Le baclofène a été testé par voie intrathécale depuis 1984 [24] [25] [26]. L'action paraît présynaptique par une action agoniste GABA-B du baclofène qui est un analogue structurel du GABA, même si un niveau d'action postsysnaptique a aussi été identifié chez l'homme [27]. L'effet du baclofène paraît spécifique de la douleur spastique et sans impact sur une éventuelle douleur neuropathique concomitante [28].

Comme pour les blocs nerveux, la littérature est composée de beaucoup de séries de cas cliniques, et de rares études randomisées comparatrices. Ainsi sur la période 1984-1999, une revue de la littérature a identifié 94 études dont seulement 17 ont été retenues sur des critères méthodologiques [29]. Pour situer le niveau de préoccupation de la douleur dans la spasticité, sur cette centaine d'études, une seule s'intéressait à la douleur. Il a été ainsi montré que le baclofène intrathécal améliorait la fonction de patients en agissant sur la spasticité et la douleur de la spasticité. Les populations ou ce bénéfice apparaît le plus clair sont les patients grabataires avec spasticité et les patients en fauteuil roulant gênés par une spasticité douloureuse [29]. Le bénéfice est persistant dans le temps après le test initial par bolus et administration prolongée par pompe implantable [30]. On retrouve en effet, sur un suivi moyen de 3 ans (9 mois-6 ans), une dose stable en baclofène après une augmentation initiale sur les six premiers mois avec amélioration fonctionnelle et réduction de la spasticité. Le bénéfice est beaucoup plus net pour la spasticité des membres inférieurs. Des complications infectieuses sont toujours possibles mais rares [31]. Des associations avec la clonidine [32] [33] ou la morphine ont été proposées [34].

Chirurgie de la spasticité

La chirurgie intervient tardivement dans la prise en charge de la spasticité. La chirurgie pour stimulation médullaire paraît avoir une indication marginale [35]. En revanche, la chirurgie de destruction est utile avec la possibilité de destruction par cordotomie [36]. La DREZ lesion est également possible et semble avoir un effet si la douleur est présente au niveau lésionnel [37]. Il faut également évoquer toute la chirurgie de neuro-orthopédie (ténotomie, neurotomie, résection d'ostéome, transfert ligamentaire) qui vise à récupérer une fonctionnalité pour la marche, pour le membre supérieur ou plus simplement à faciliter l'hygiène, le nursing [38]. Ces actions chirurgicales tardives peuvent avoir un effet bénéfique sur la fonction, voire sur la récupération cognitive [35].

CONCLUSION

Une prise en charge d'un patient ayant une spasticité douloureuse demande une expertise spécifique.
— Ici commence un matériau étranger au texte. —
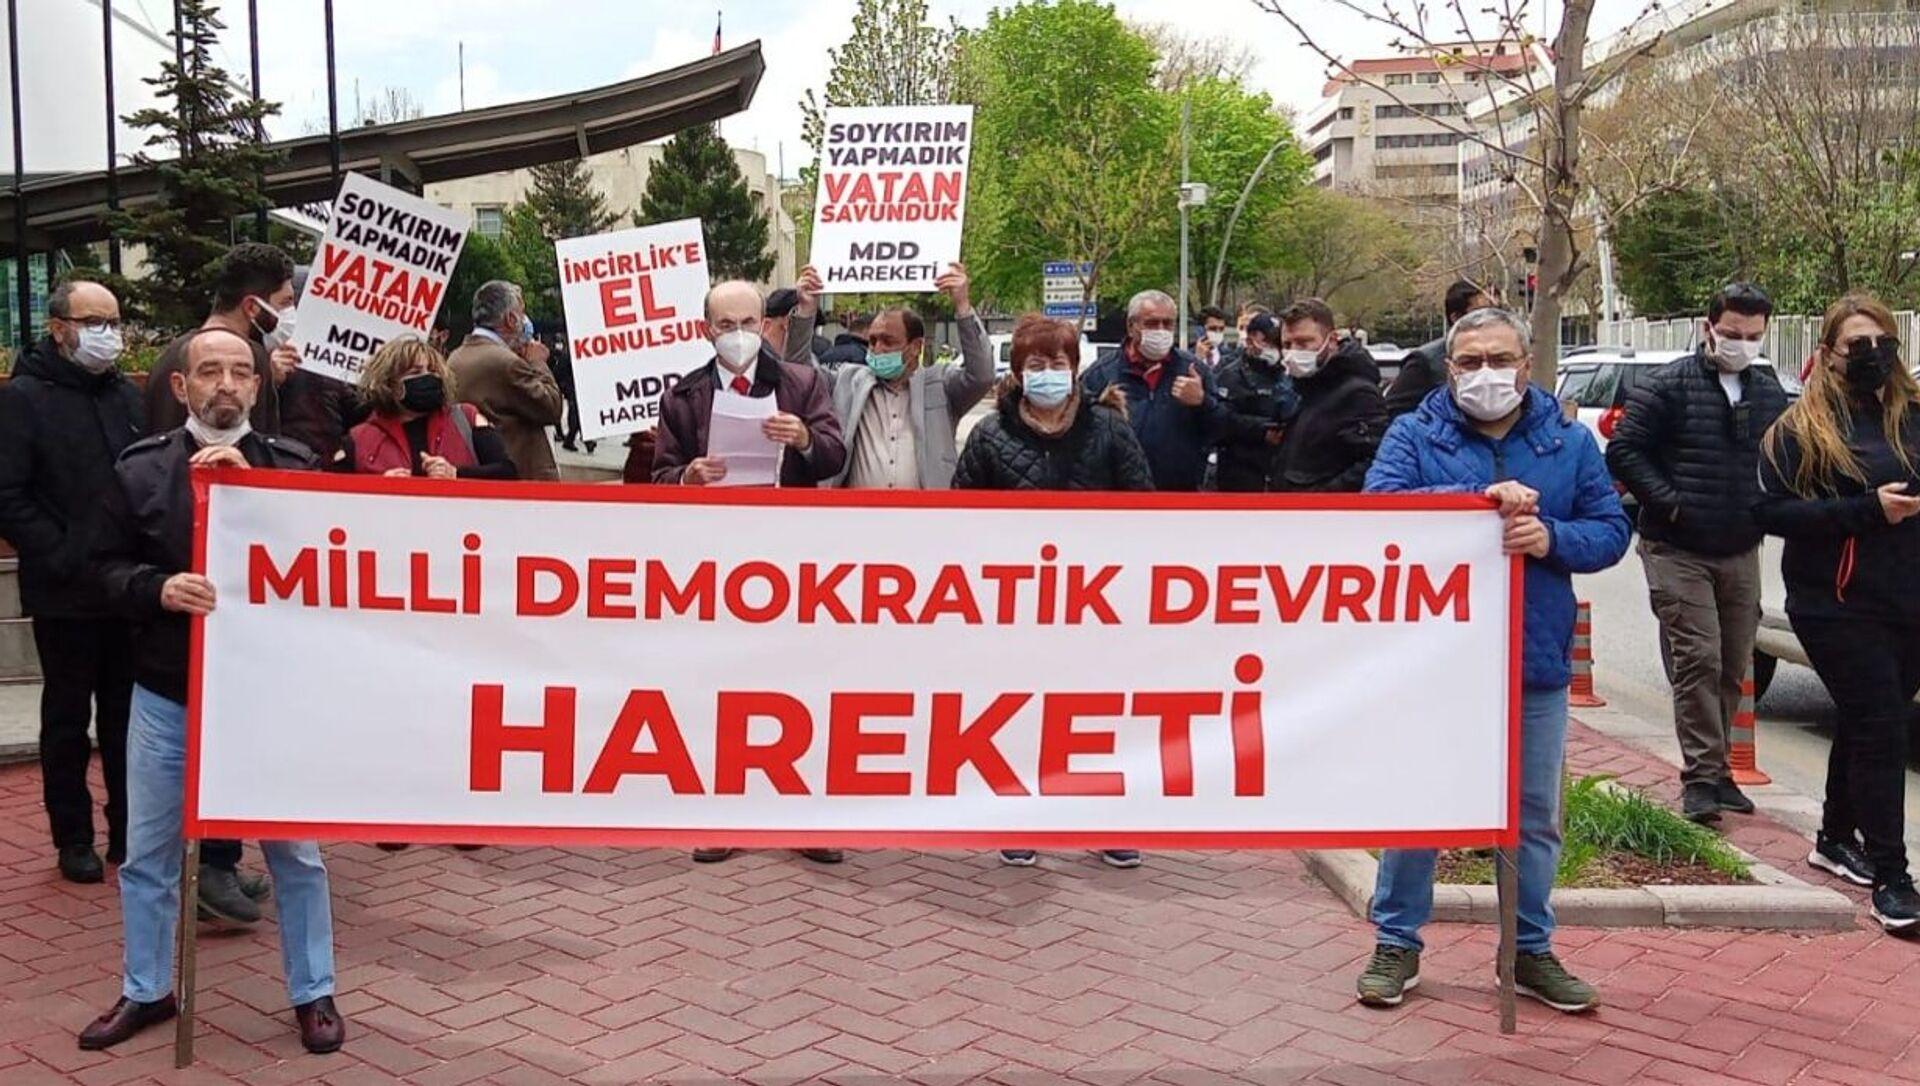 MDD Hareketi, Biden'ın 'soykırım' açıklamasını protesto etti - Sputnik Türkiye, 1920, 26.04.2021
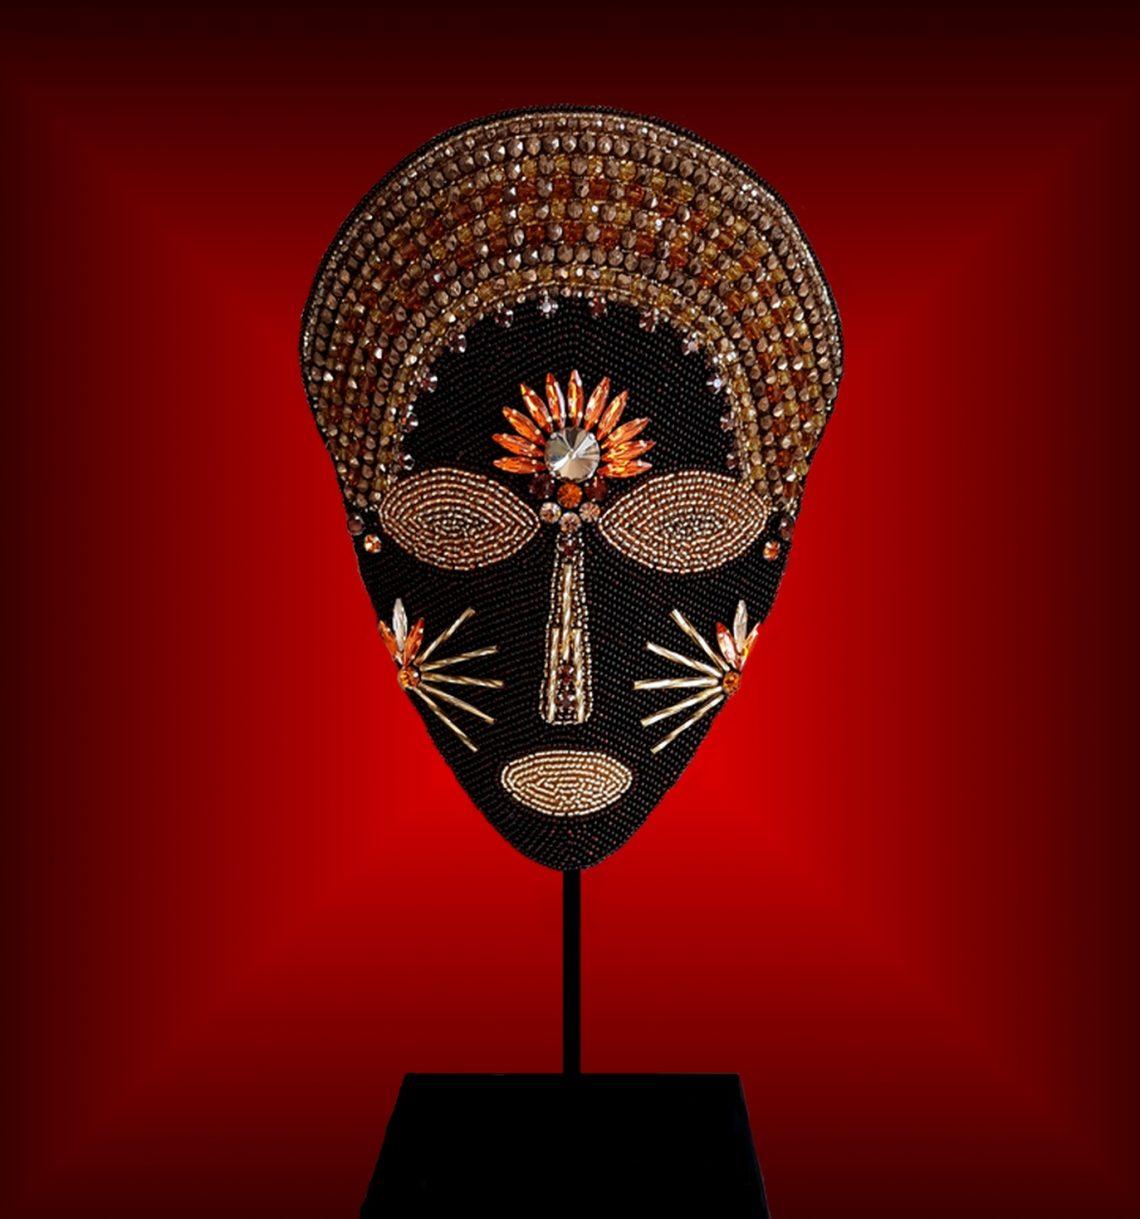 Masque brodé n°39 © Sylune Créations

Il faut savoir intégrer la spasticité dans le cortège de symptômes associés ou qui sont la conséquence de cette spasticité. Il faut pouvoir établir un lien entre la spasticité et la douleur, apprécier le rôle néfaste ou au contraire bénéfique de la spasticité et établir alors une stratégie thérapeutique en utilisant les moyens existants (figure 1). On manque encore de données scientifiques suffisantes, mais une approche rationnelle peut permettre d'améliorer la situation de certains de ces malades.

Figure 1. Algorithme pour le traitement de la spasticité douloureuse. IT : intrathécal.